We've just come across one of those situations which occasionally comes up when a developer goes off sick for a few days mid-project.

There were a few questions about whether he'd committed the latest version of his code or whether there was something more recent on his local machine we should be looking at, and we had a delivery to a customer pending so we couldn't wait for him to return.

One of the other developers logged on as him to see and found a mess of workspaces, many seemingly of the same projects, with timestamps that made it unclear which one was "current" (he was prototyping some bits on versions of the project other than his "core" one).

Obviously this is a pain in the neck, however the alternative (which would seem to be strict standards for how each developer works on their own machine to ensure that any other developer can pick things up with a minimum of effort) is likely to break many developers personal work flows and lead to inefficiency on an individual level.

I'm not talking about standards for checked-in code, or even general development standards, I'm talking about how a developer works locally, a domain generally considered (in my experience) to be almost entirely under the developers own control.

So how do you handle situations like this? Are the one of those things that just happens and you have to deal with, the price you pay for developers being allowed to work in the way that best suits them?

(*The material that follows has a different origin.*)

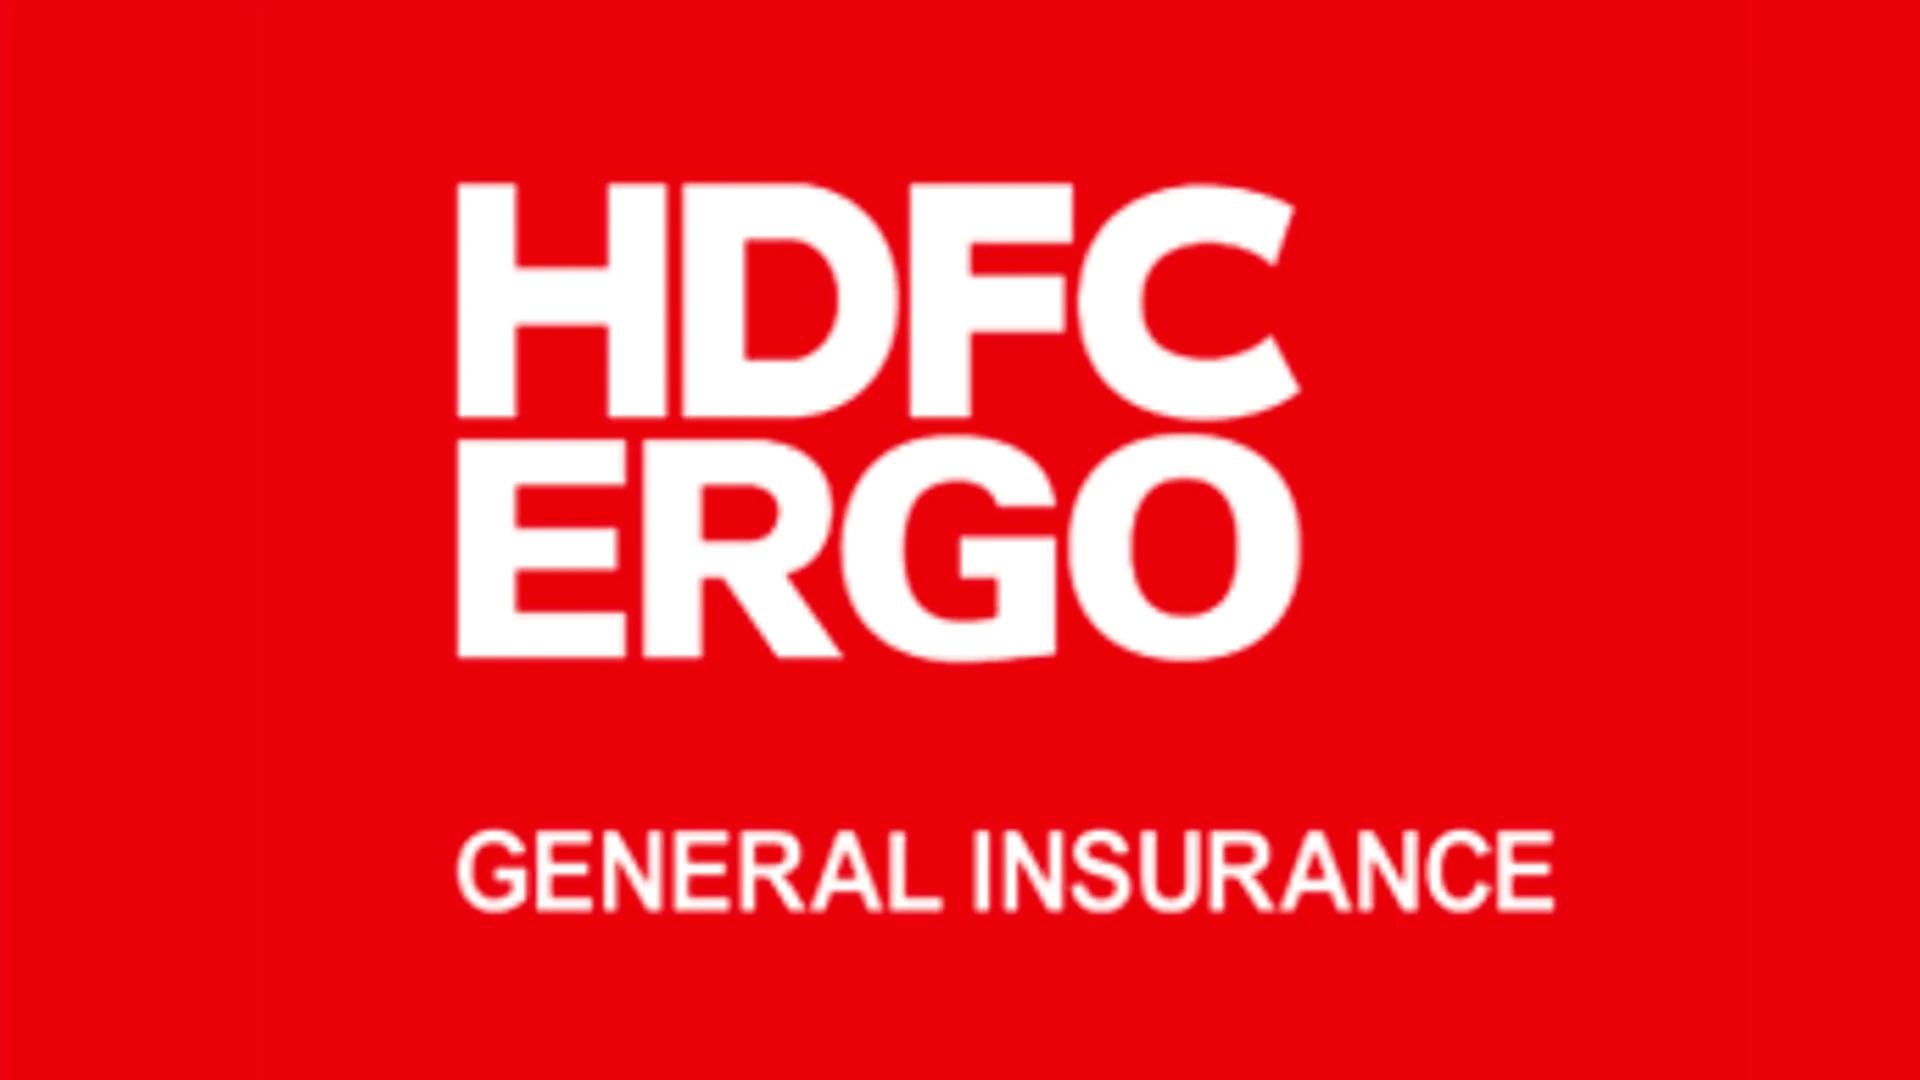 HDFC ERGO launches ‘All Things EV’ platform for present and future EV customers
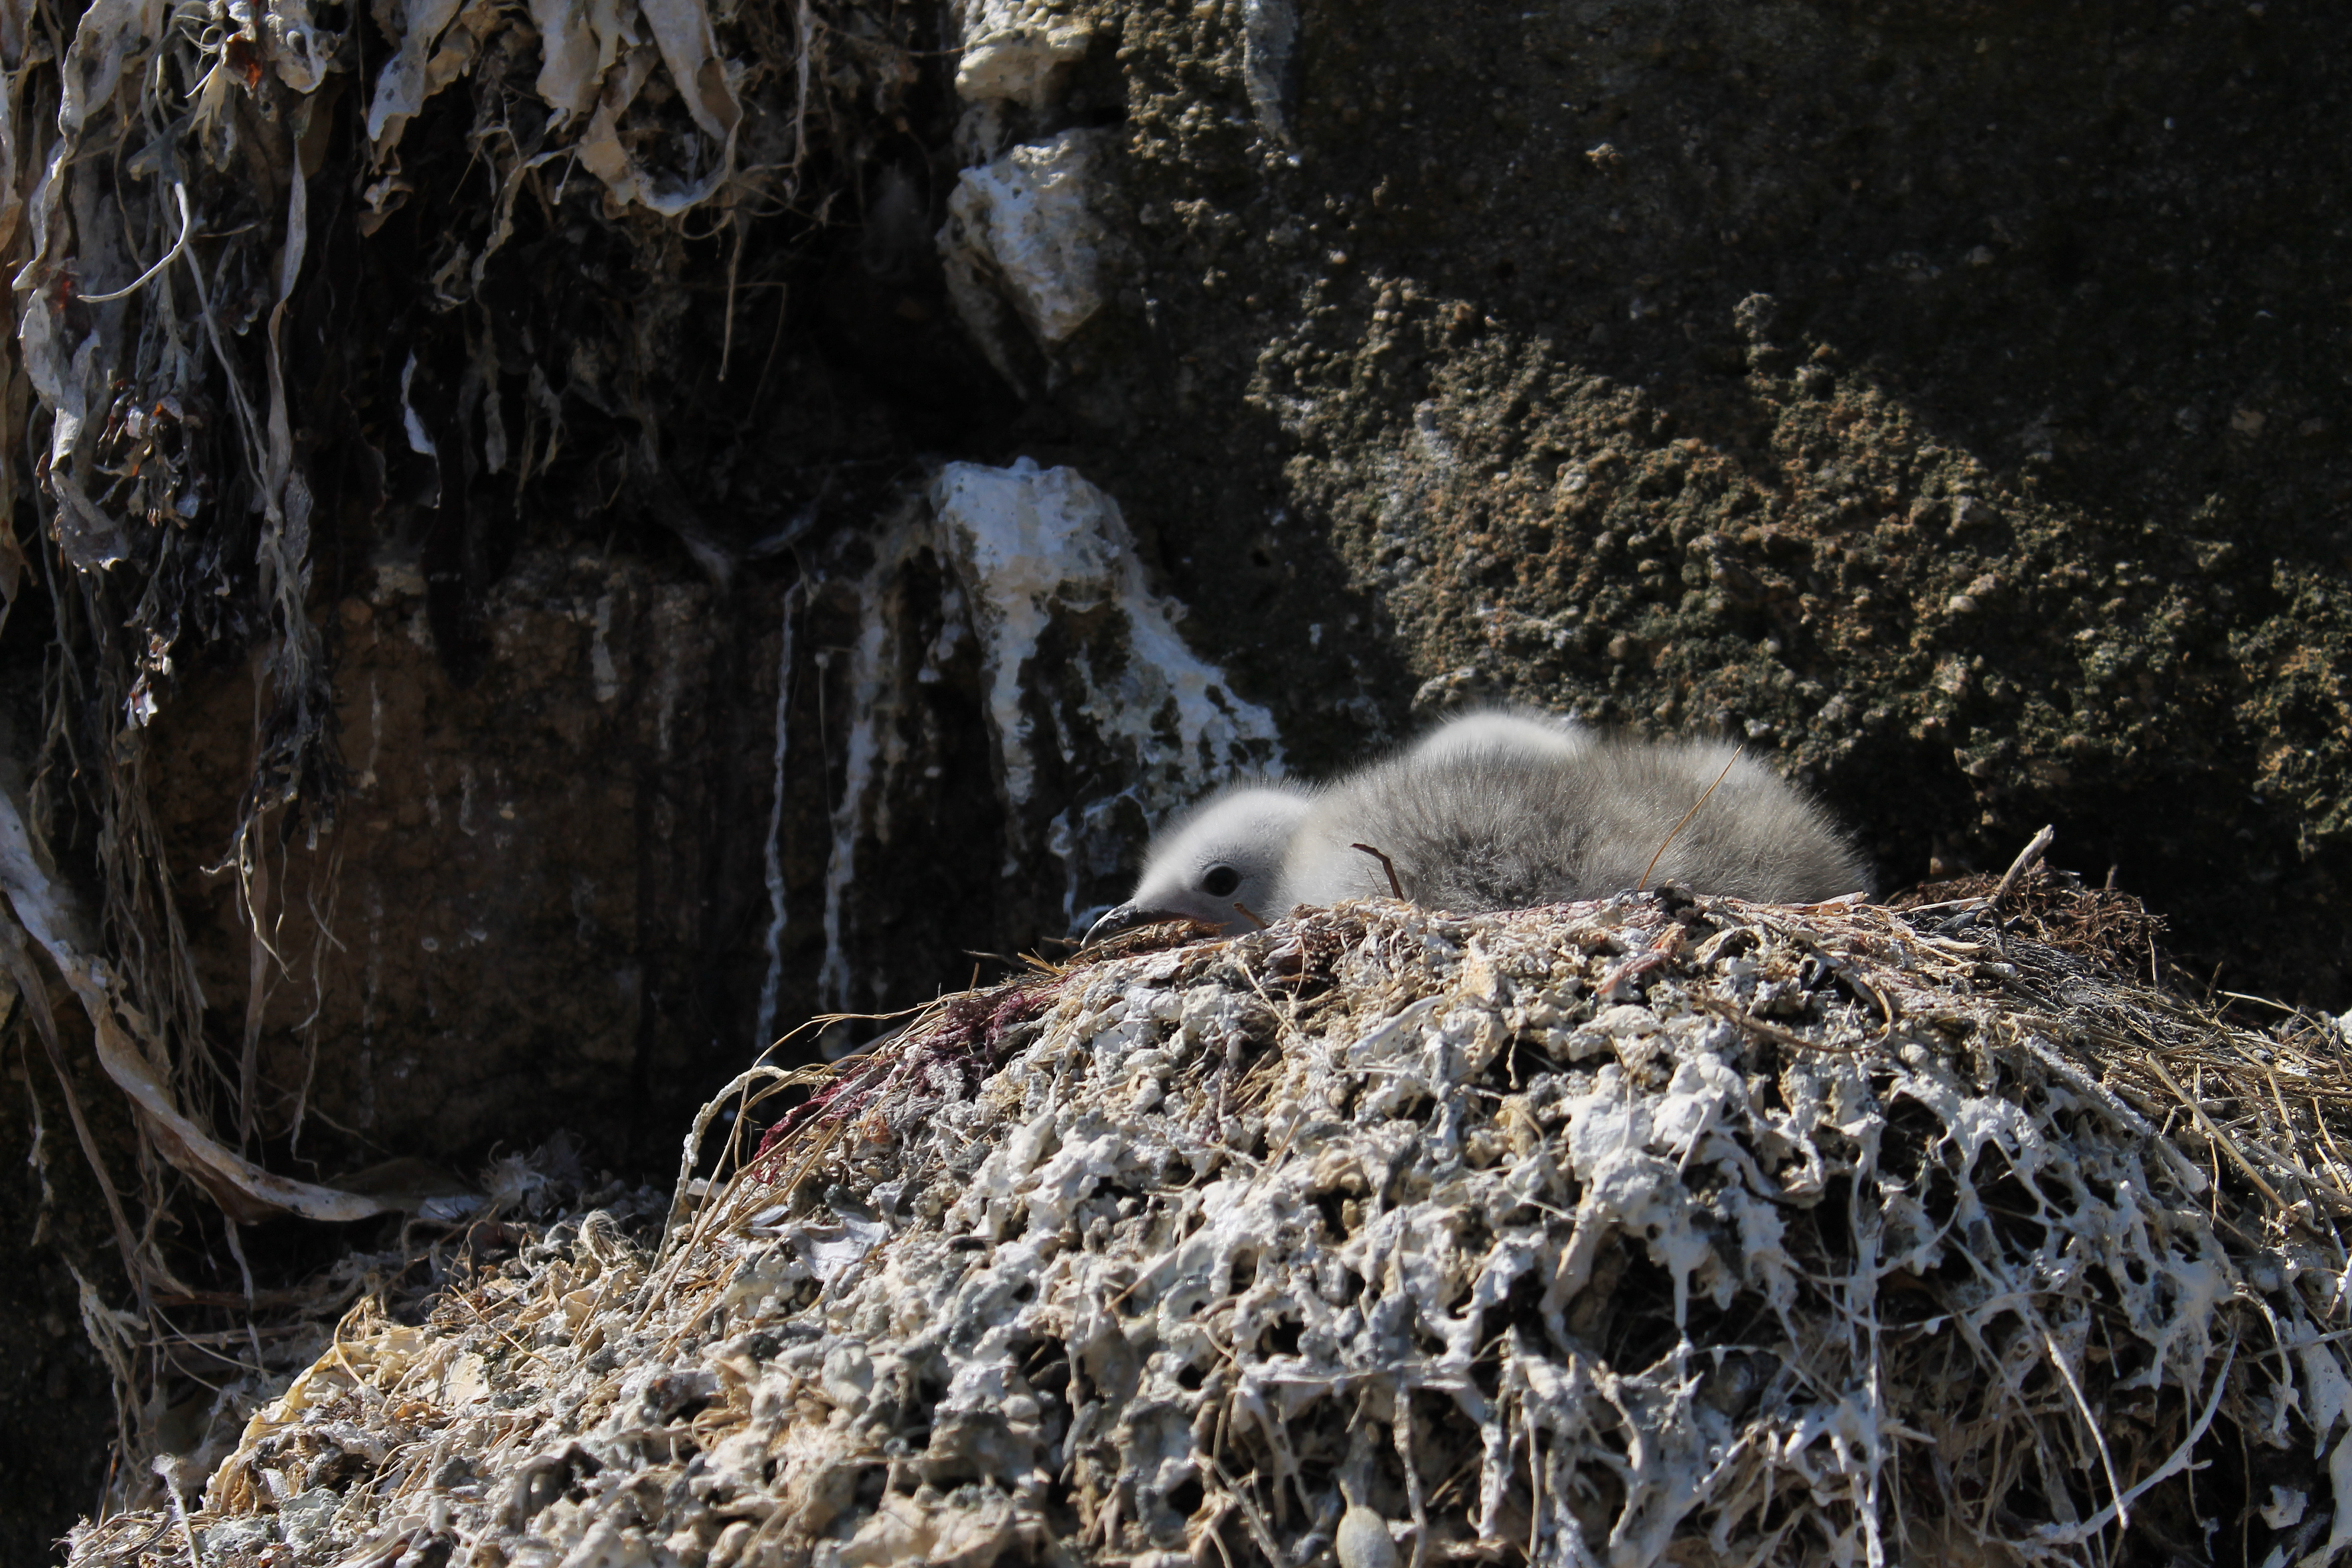 Kittiwake chick on Gugh, Isles of Scilly

Or do you ask developers to adhere to standards in this area - use of specific directories, naming standards, notes on a wiki or whatever? And if so what do your standards cover, how strict are they, how do you police them and so on?

Or is there another solution I'm missing?

[Assume for the sake of argument that the developer can not be contacted to talk through what he was doing here - even if he could knowing and describing which workspace is which from memory isn't going to be simple and flawless and sometimes people genuinely can't be contacted and I'd like a solution which covers all eventualities.]

Edit: I get that going through someone's workstation is bad form (though it's an interesting - and likely off-topic - question as to precisely why that is) and I'm certainly not looking at unlimited access. Think more along the lines of a standard where their code directories are set up with a read-only share - nothing can be changed, nothing else can be seen and so on.